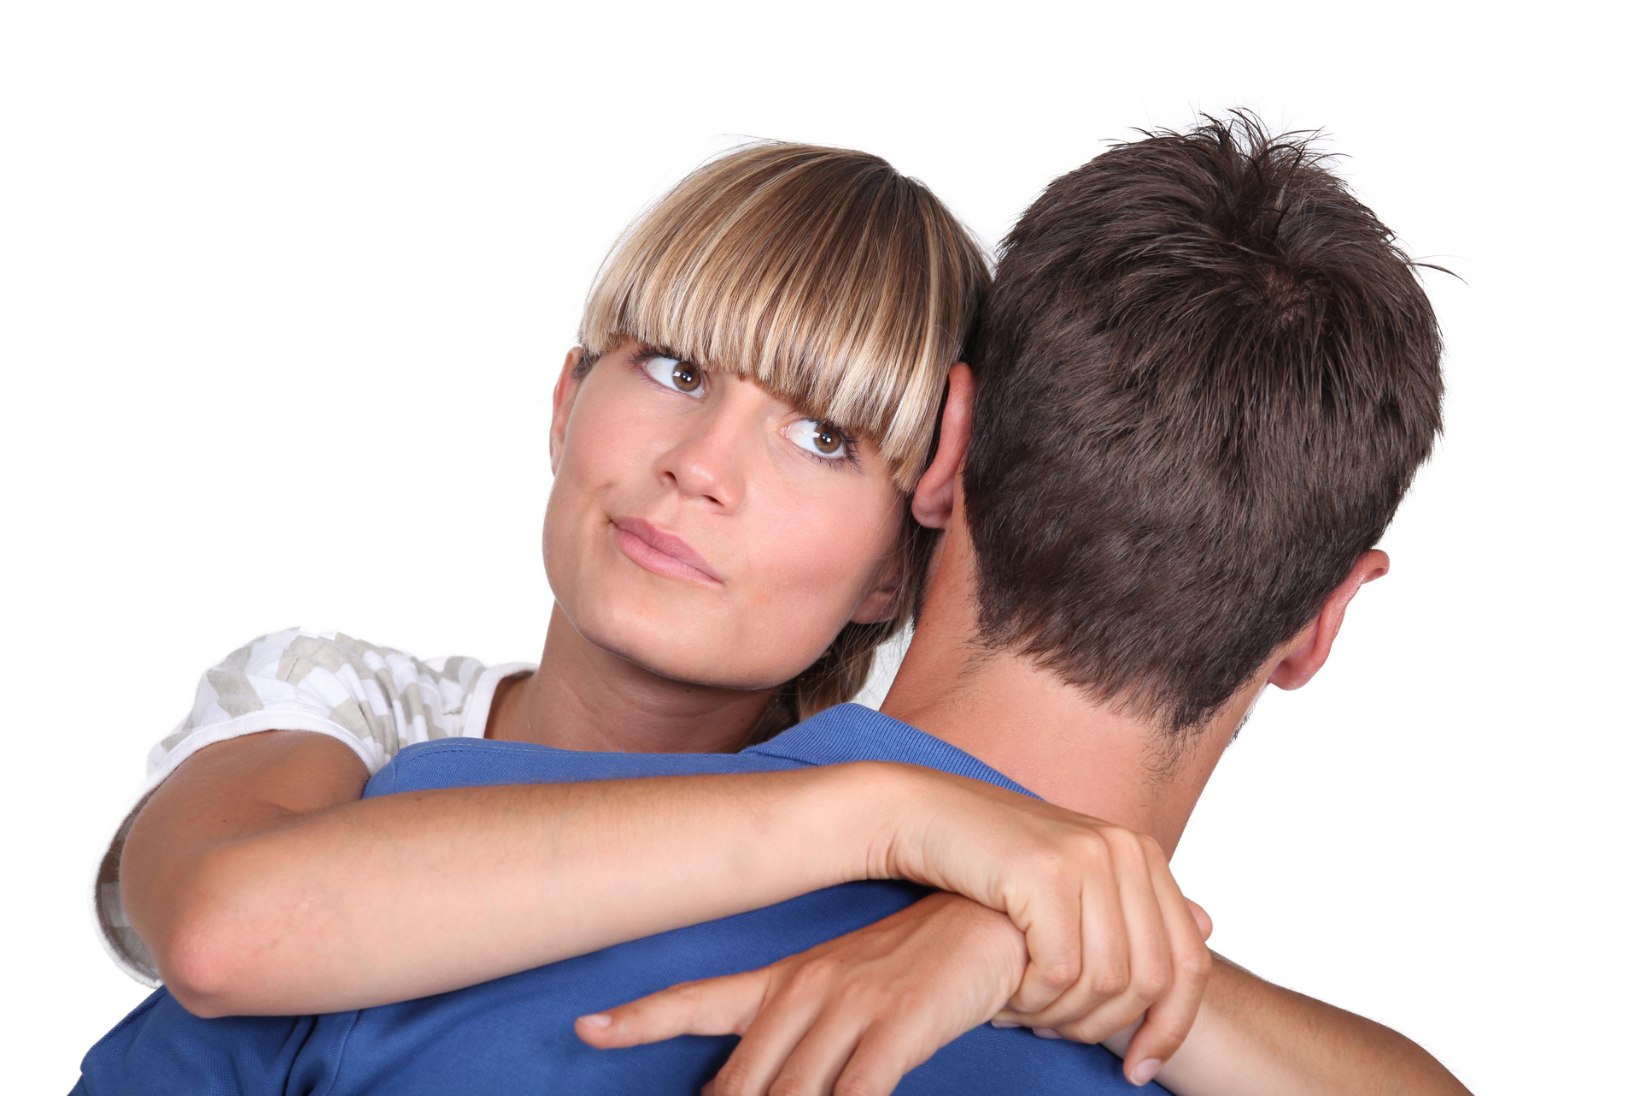 Teadlased: mida kindlam oled võimaliku partneri tunnetes, seda võluvam ta tundub!
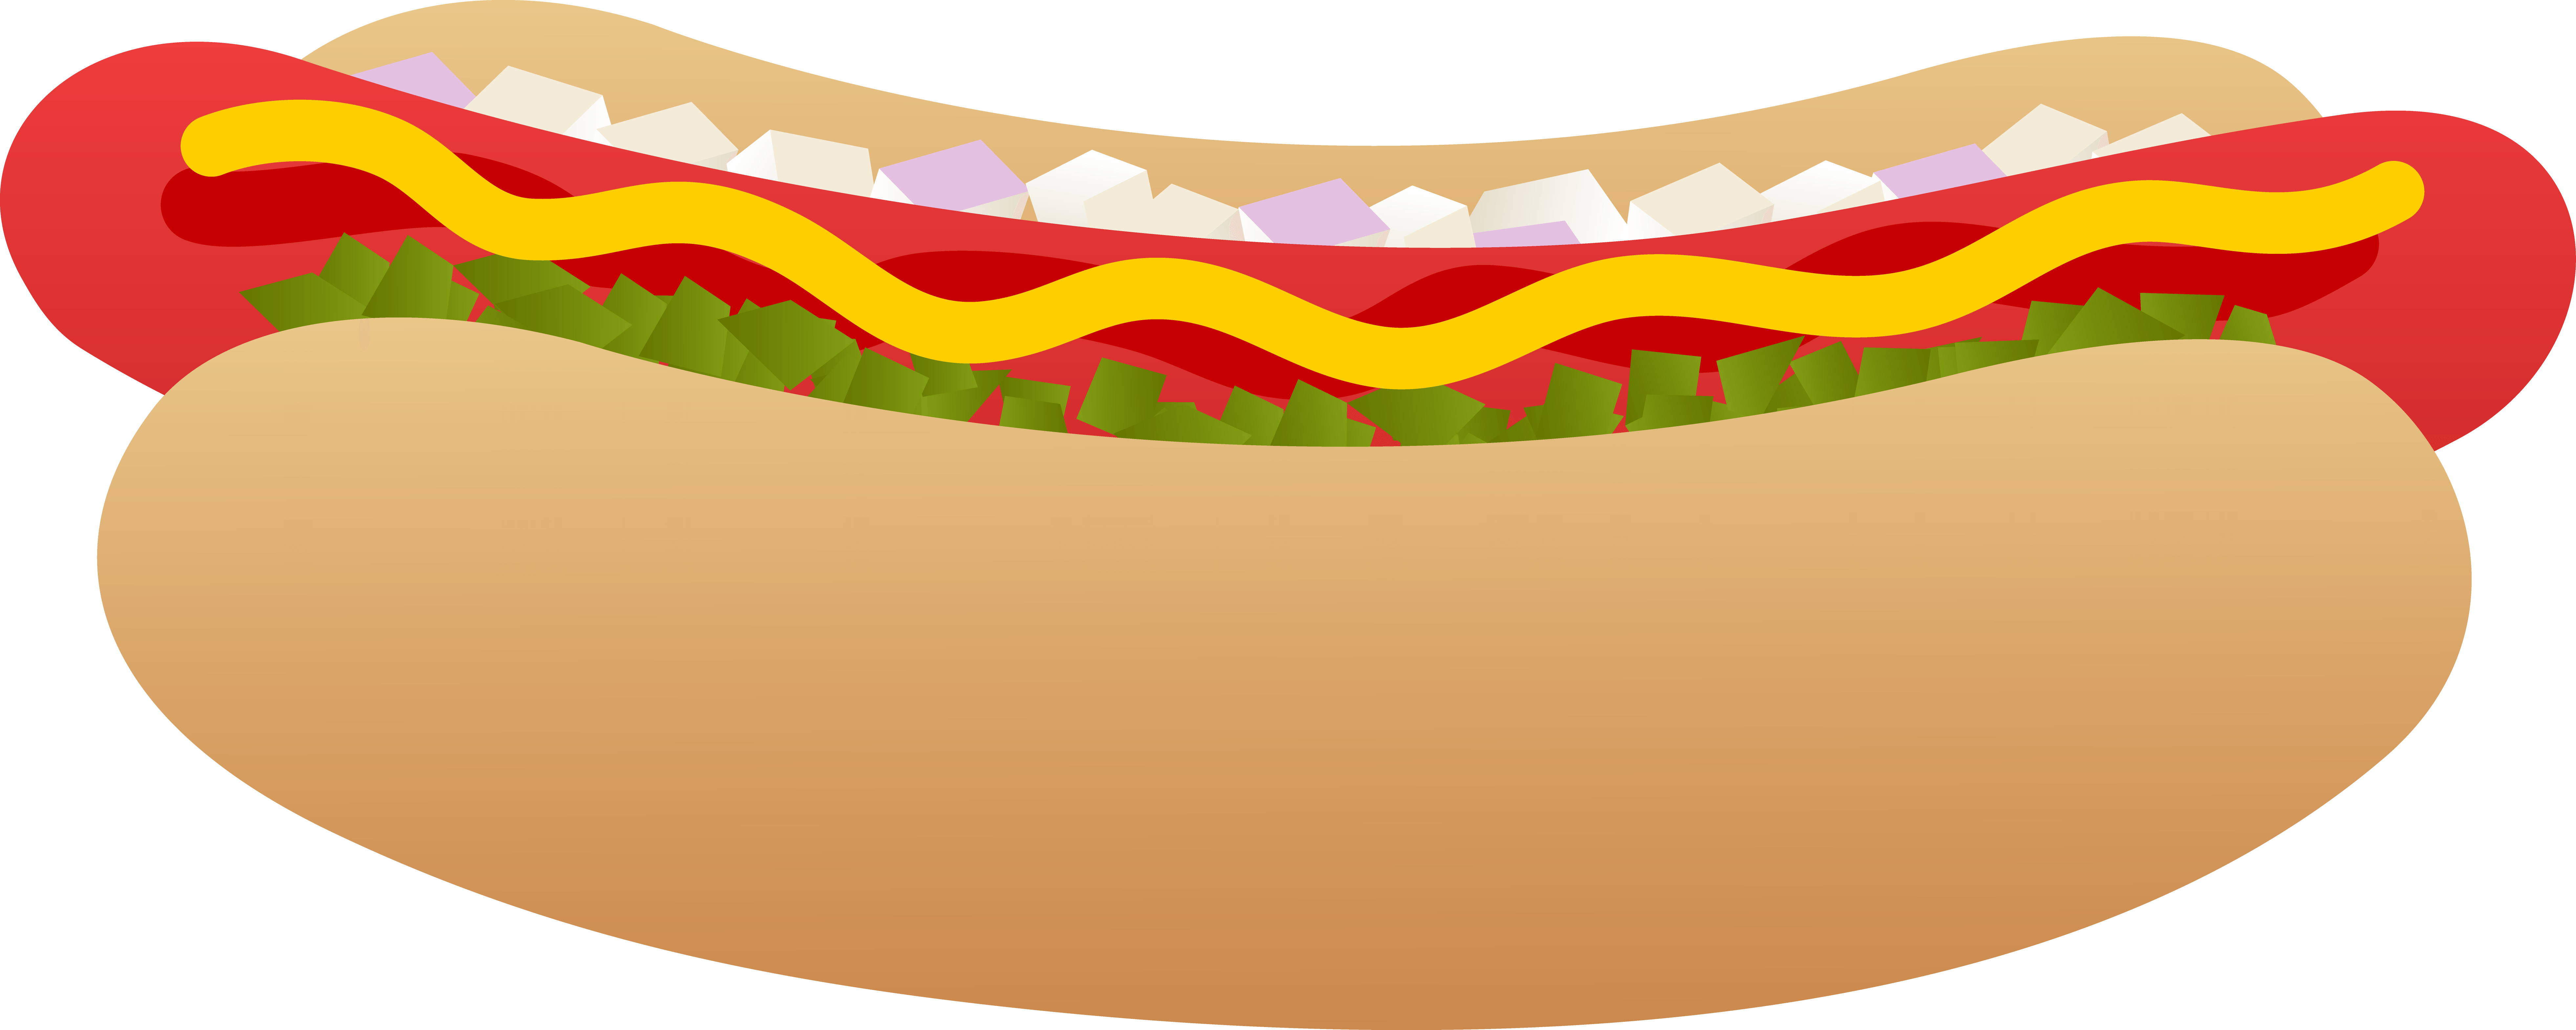 Bun - Clip Art Hot Dog (7846x3137)
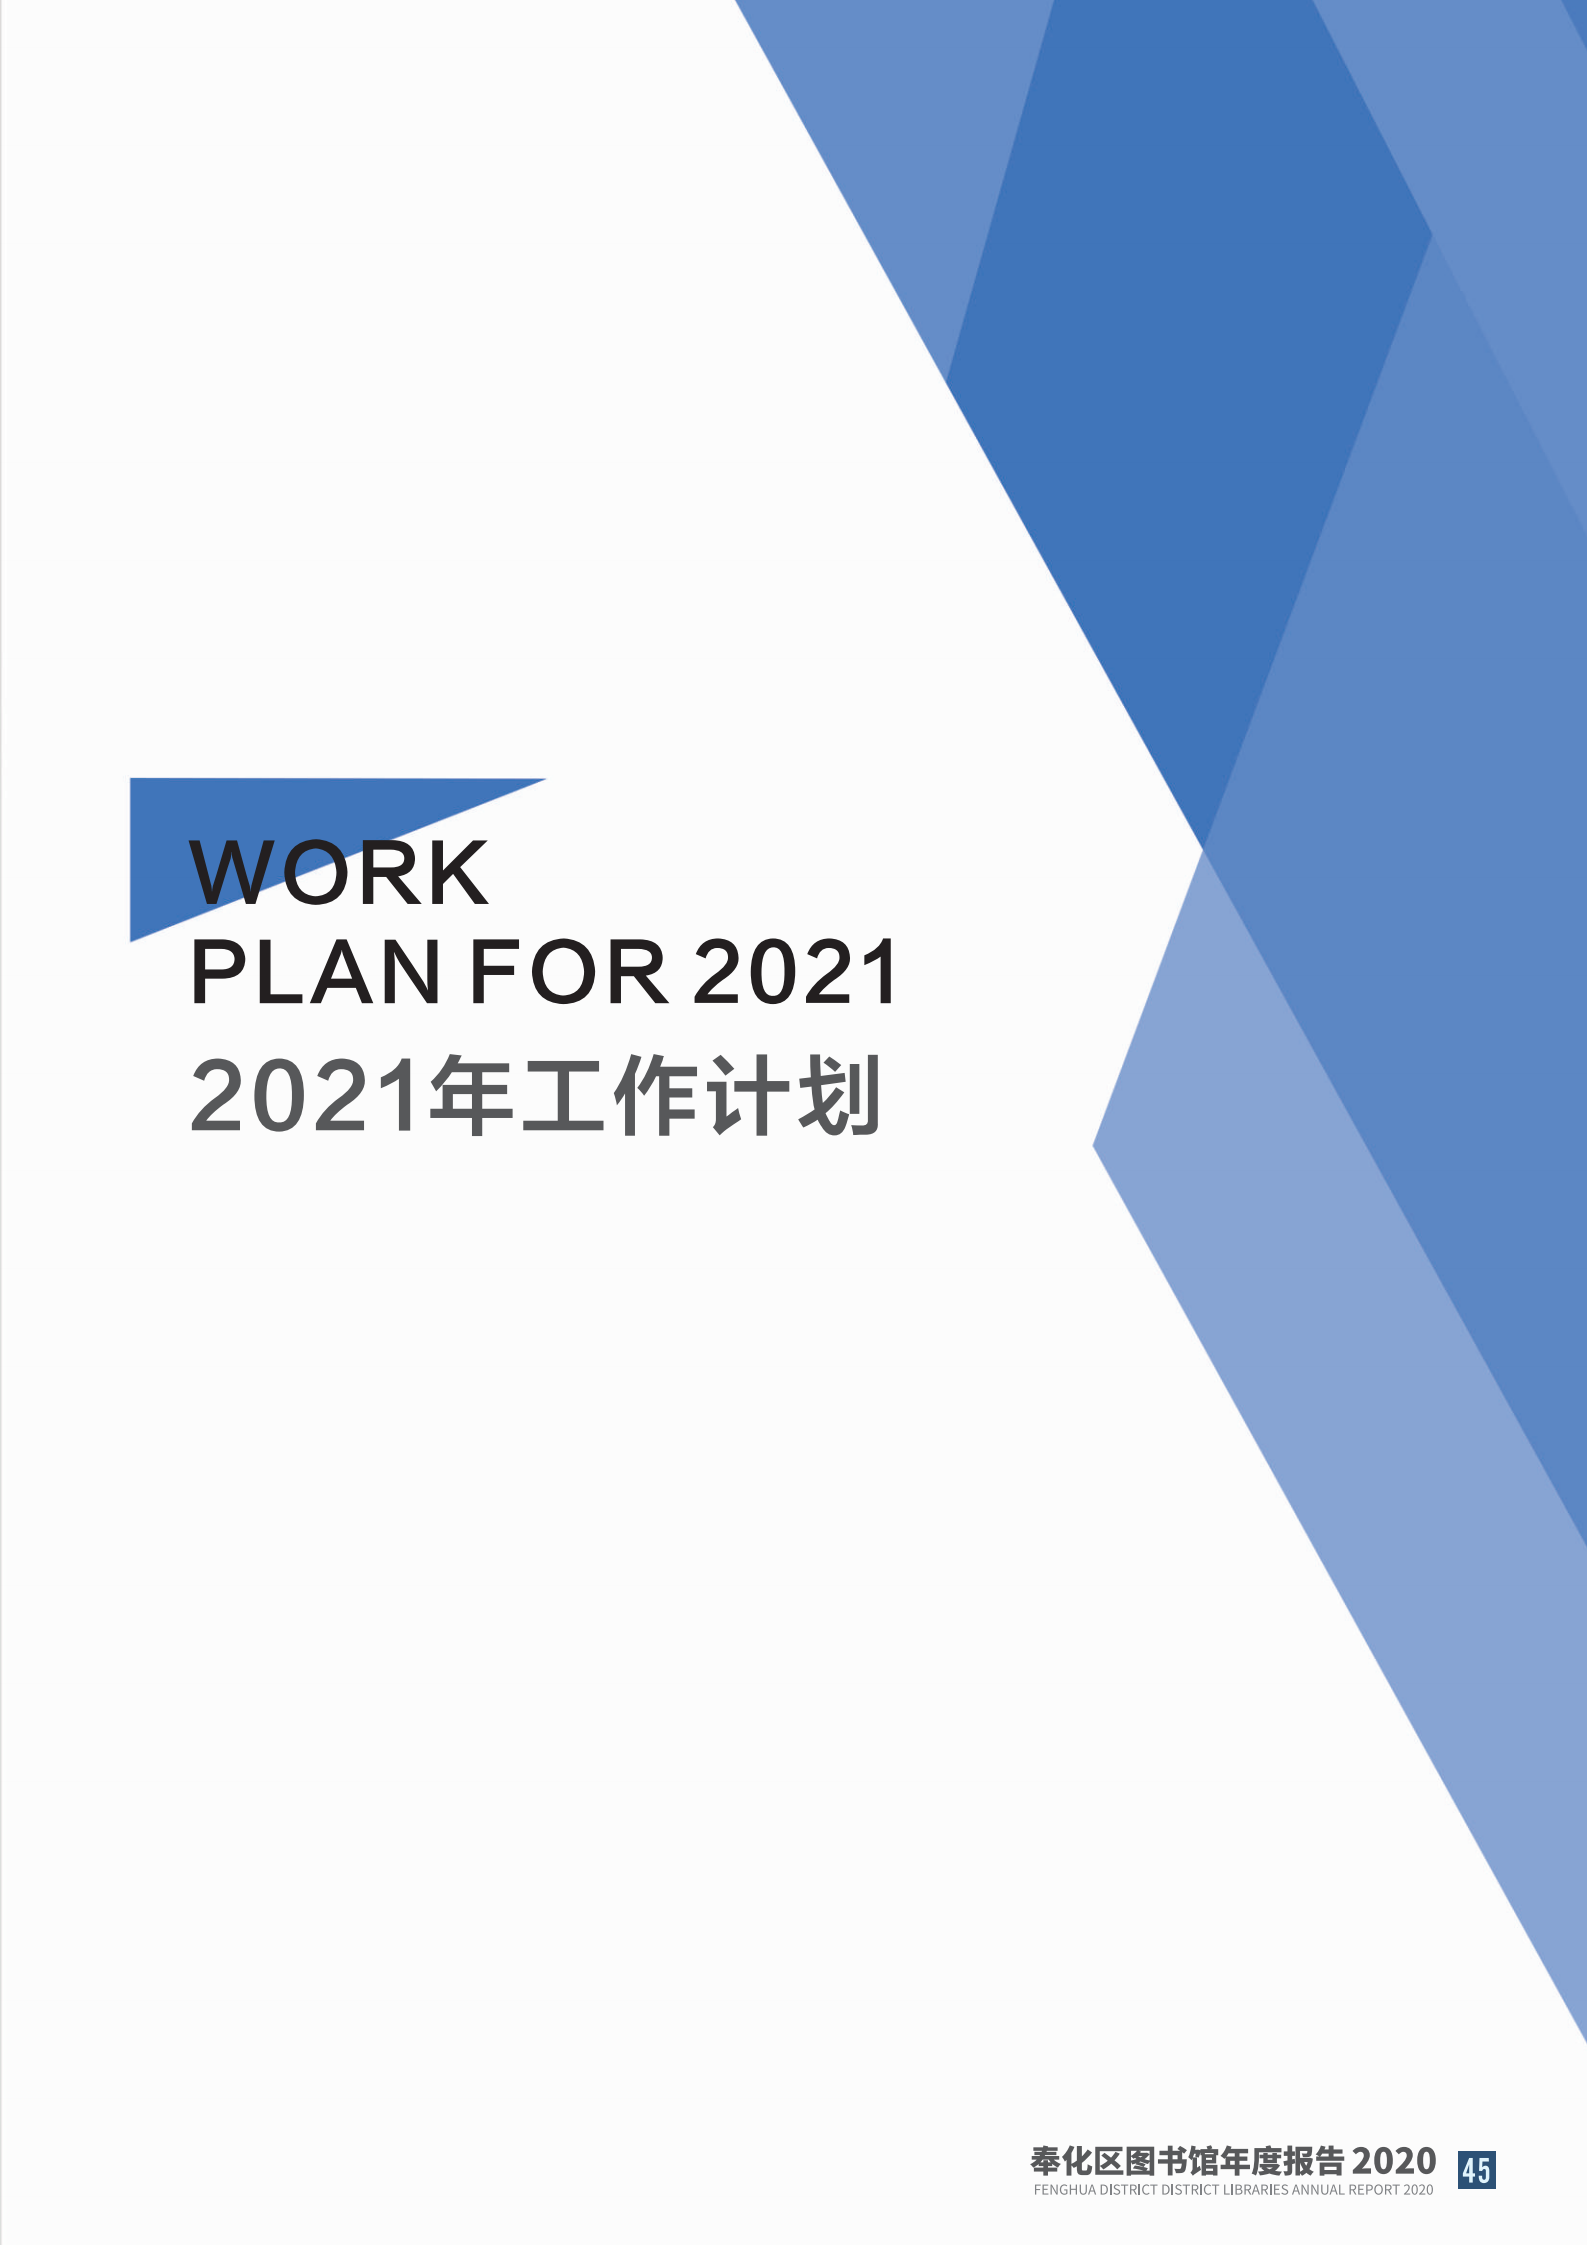 宁波市奉化区图书馆2020年年度报告 终稿_45.png

=-=-=

Instructions to follow: Leaving the pictures out, write out all the material above exactly.

Answer for the task:
 Teadlased: mida kindlam oled võimaliku partneri tunnetes, seda võluvam ta tundub!
 Bun - Clip Art Hot Dog (7846x3137)
 宁波市奉化区图书馆2020年年度报告 终稿_45.png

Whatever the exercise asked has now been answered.